Against this backdrop, the bloc of African countries took the initiative to establish a more inclusive decision-making process within the UN for international tax cooperation. This is a historic move which has so far received little support from OECD countries. The Netherlands, like other EU countries, initially voted against the resolution but is actively participating in the negotiation process. Kiezebrink rejects the argument put forward by opponents that the UN process will lead to duplication of the OECD’s work: “After all, it is the failure of the OECD that has brought us to the UN.”

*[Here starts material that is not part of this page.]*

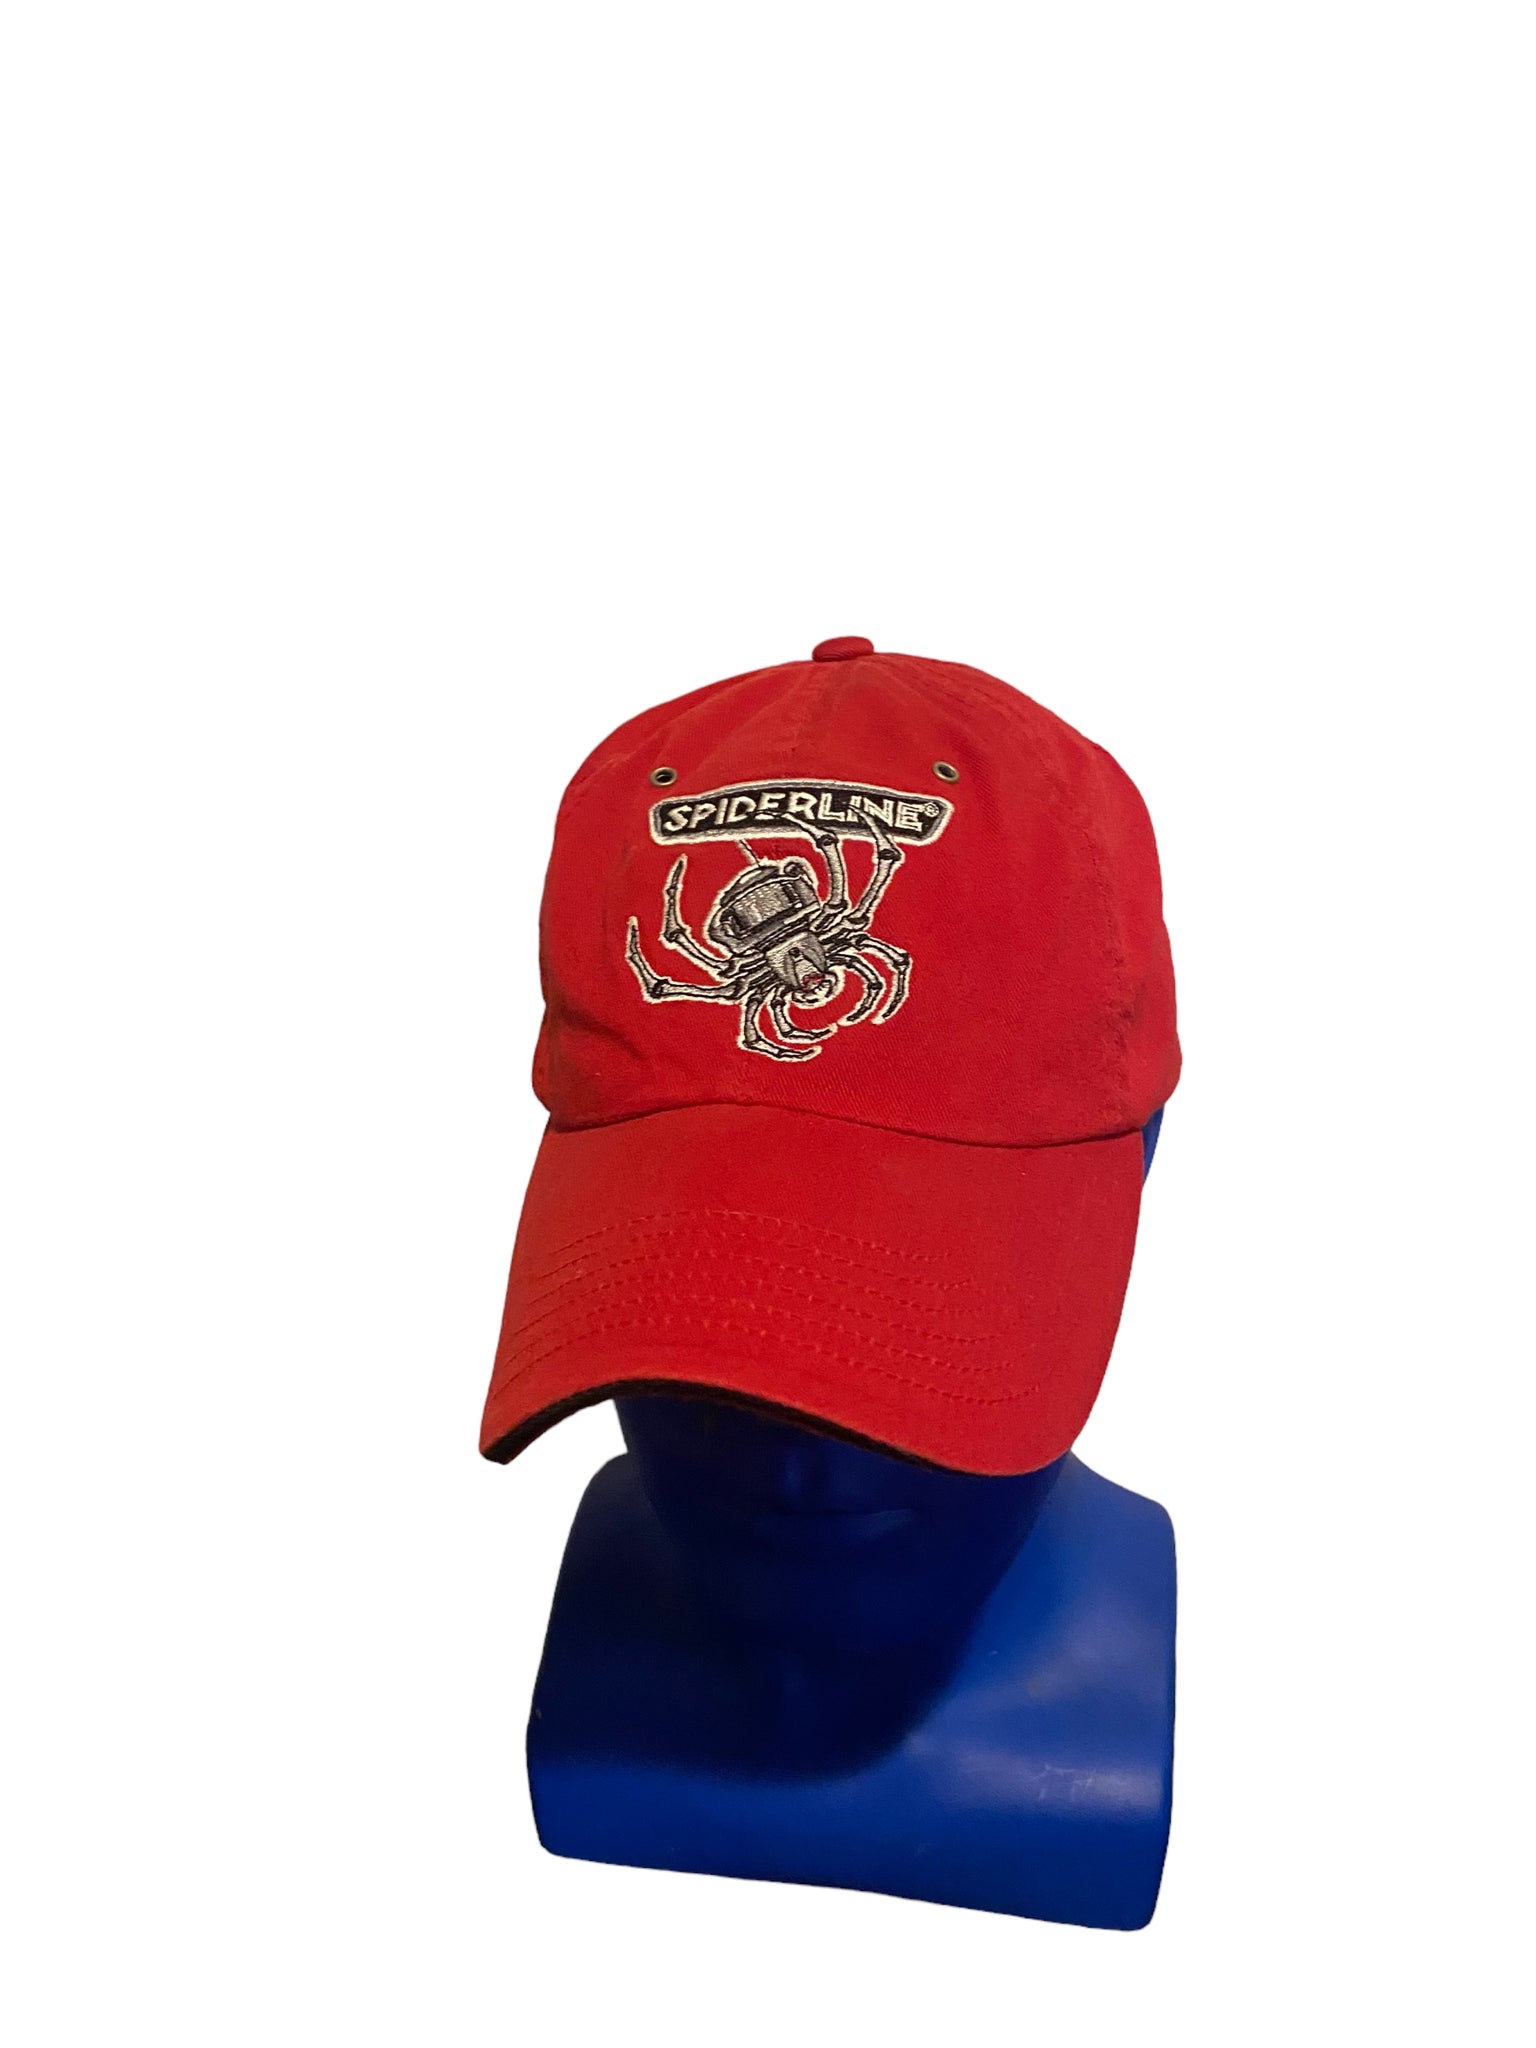 Spiderline Fishing Reels Embroidered Spider Logo Red Adjustable Strap Dad Hat

From the decision paper in the most recent written contribution The Netherlands“ response to the draft text of the UN framework convention shows that, in the negotiations, the Netherlands is at odds with the Global South by pushing for ”more broadly worded provisions.” For instance, under Article 5 of the framework convention, the Netherlands opposes commitments to renegotiate existing bilateral tax treaties where these do not ensure a fair allocation of taxing rights. According to the Netherlands, such obligations have no place in the framework convention and must be avoided in order to ensure a broadly supported framework convention. Although several European countries share this view, some are adopting a more constructive stance than others for the time being. Whilst commitments to renegotiate existing bilateral tax treaties are also a step too far for them, Norway and Sweden are taking a more constructive approach with their written contribution for example, it does draw on more specific wording that provides greater guidance for the drafting of future protocols.

The Netherlands is therefore not aligning itself with the leading group of countries from the Global South that are calling for fundamental reforms, but is, to put it mildly, adopting a cautious stance. This is a missed opportunity. The UN negotiations not only offer a historic opportunity to make international tax rules fairer; they also present a crucial opportunity for the Netherlands and Europe to reshape their relationship with countries in the Global South and to restore crumbling trust on the basis of genuine reciprocity.

Negotiations on the UN framework treaty are now entering a decisive phase. The final text of the treaty will be submitted to the UN General Assembly at the end of 2027. It will then be up to countries to sign and ratify the treaty. The question is which side the Netherlands will take: will it opt for a historic change of course, or for maintaining the status quo?